Automated messaging technology firm Evive is holding a trivia event via Zoom, with the winning team receiving $1,000 to donate to a cause of their choice. Teams were intentionally made up of people from different departments to encourage interaction. Allego used its own sales enablement platform for a holiday sing-along that anyone could join.
Tips from a veteran
Virtual events provider Teambuilding.com has run thousands of virtual holiday parties, and CEO Michael Alexis offered some tips. Don’t try to emulate physical events too closely, he said. “You need to provide more structured games and activities,” he said. Start with icebreaker questions about things like people’s first Christmas memory or favorite holiday movie (see an exhaustive list here). Search Google for “holiday trivia questions” and host a contest.
“Secret Santa adapts quite well” to a virtual format, Alexis said. Give employees a budget to buy something for each other and then use the company’s return address to keep the source of the package anonymous.
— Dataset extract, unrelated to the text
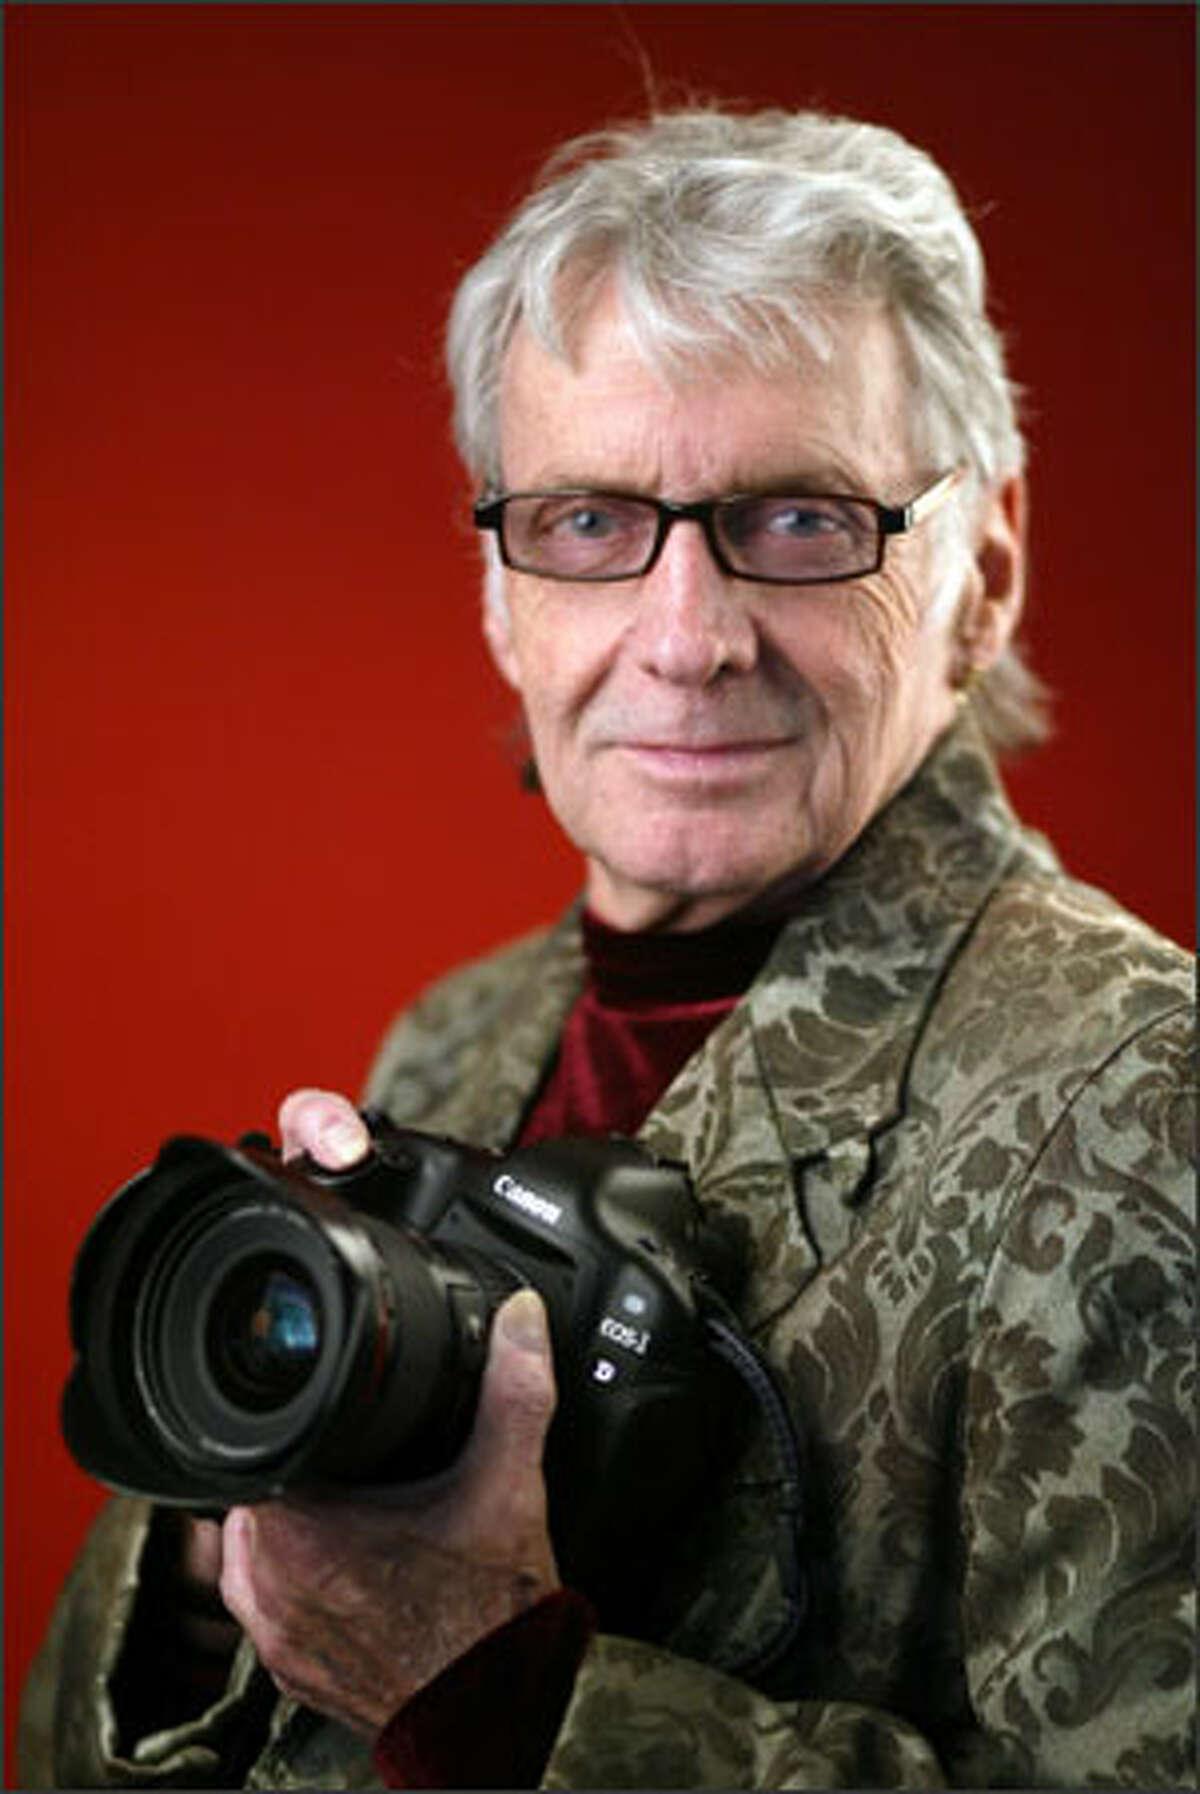 Phil Webber, 1938-2006

You can also host a holiday bingo party with themed clues like “still believes in Santa” or “has regifted a present” instead of numbers. Here are 21 more ideas from Teambuilding.com.
Financial management software giant Quicken recently planned a two-day virtual offsite to a resort in the Amalfi Coast, a destination that was selected by employees. “Employees each got gift boxes delivered to their home with trinkets and snacks specific to the Amalfi Coast and were able to virtually gather in a tourist destination through a shared meeting space,” said Chief Marketing Officer Linda Itskovitz.
Loom asked employees to use its platform to record short videos about something they’re grateful for. One man shared his gratitude for his family and then surprised his son with the gift of a Playstation 5 right on camera. “Encouraging our team to share a bit about themselves — whether work-related or not — builds affinity across time zones and teams,” said CEO Joe Thomas.
Calendly, which makes a platform for scheduling meetings, hosted a virtual potluck and recipe exchange just before Thanksgiving with recipes submitted by employees compiled into an e-book. At a virtual holiday mixology class early this month, people learned to make two holiday drinks from an expert bartender and sipped their creations in a virtual cocktail party, said Julia Betts, head of employee engagement. Owl Labs took a similar approach with virtual wreath-making classes and charcuterie board classes, as well as a Biscotti-making session taught by an Italian chef.
If you’re considering a virtual holiday event this year, Sammy Courtright has some advice. The co-founder and chief brand officer of workforce engagement platform Ten Spot recommends limiting any one activity to less than an hour. “That not only boosts engagement but keeps Zoom fatigue to a minimum,” she said.